Some of our Induction breakfast suggestions are variations of such dishes, and yes, we admit, there’s an egg here and there, but they’re a far cry from two over lightly. Remember, your goal is not just to control carbs but to also get sufficient protein and fat at every meal, including the first meal of the day. The following ideas, which all come in under 4 grams of Net Carbs, should add some variety to your morning repertoire. Some are portable, making them good for weekday mornings, and all serve one unless otherwise indicated.
• On-the-Run Roll-ups: Wrap slices of cheese and ham around a couple of cucumber spears and a dab of mayonnaise mixed with mustard. Use sliced turkey or roast beef instead and lettuce leaves or another vegetable. Or wrap cream cheese in smoked salmon.

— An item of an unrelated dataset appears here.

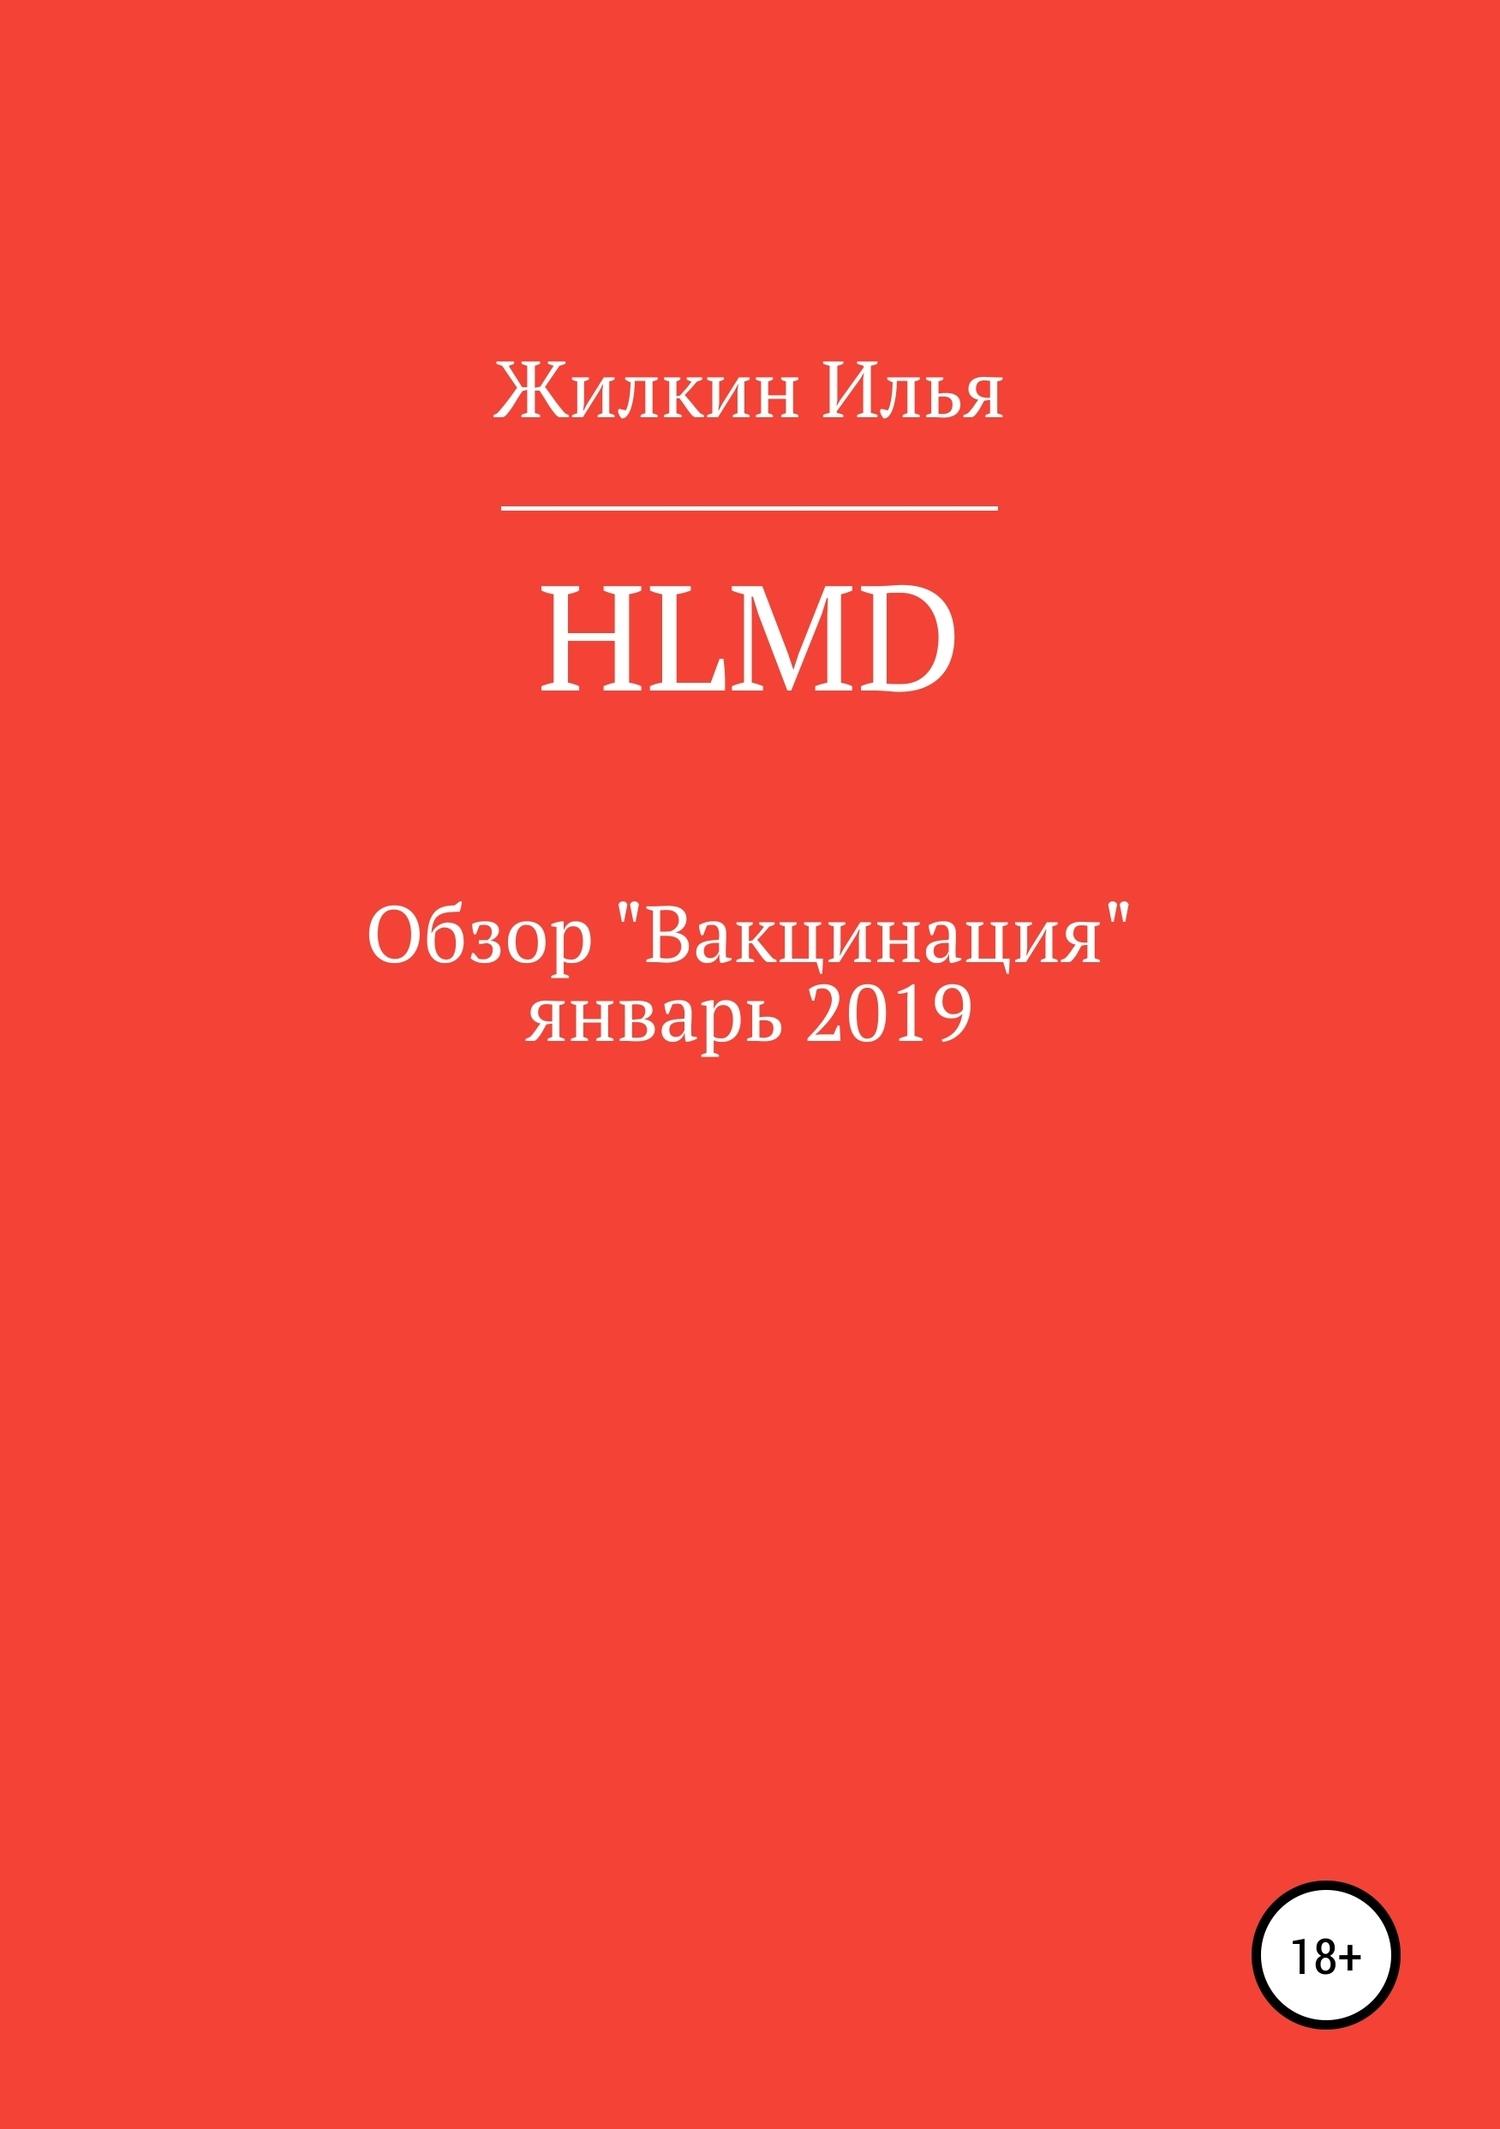 Обзор HLMD «Вакцинация»: январь 2019

• Chocolate-Coconut Shake: Blend 4 ounces unsweetened soy or almond milk, 2 tablespoons no-sugar-added coconut milk, 1 scoop unsweetened whey protein powder, 2 teaspoons unsweetened cocoa powder, ½ teaspoon vanilla extract, 3 ice cubes, and 1 packet sucralose (optional) in a blender until well mixed and frothy.
• Stuffed Peppers: Stuff half a bell pepper with a few tablespoons of pork or turkey bulk sausage and microwave for 10–15 minutes on high or in a 350°F. oven for 45 minutes. Pour off the excess fat, and serve with no-added-sugar salsa or, if desired, with a poached egg and/or grated cheese. Make a batch ahead of time and reheat individual portions.
• Corned Beef Hash. Instead of the potatoes called for in most recipes, use white turnips or chopped cauliflower. Or replace the corned beef with leftover chicken or turkey.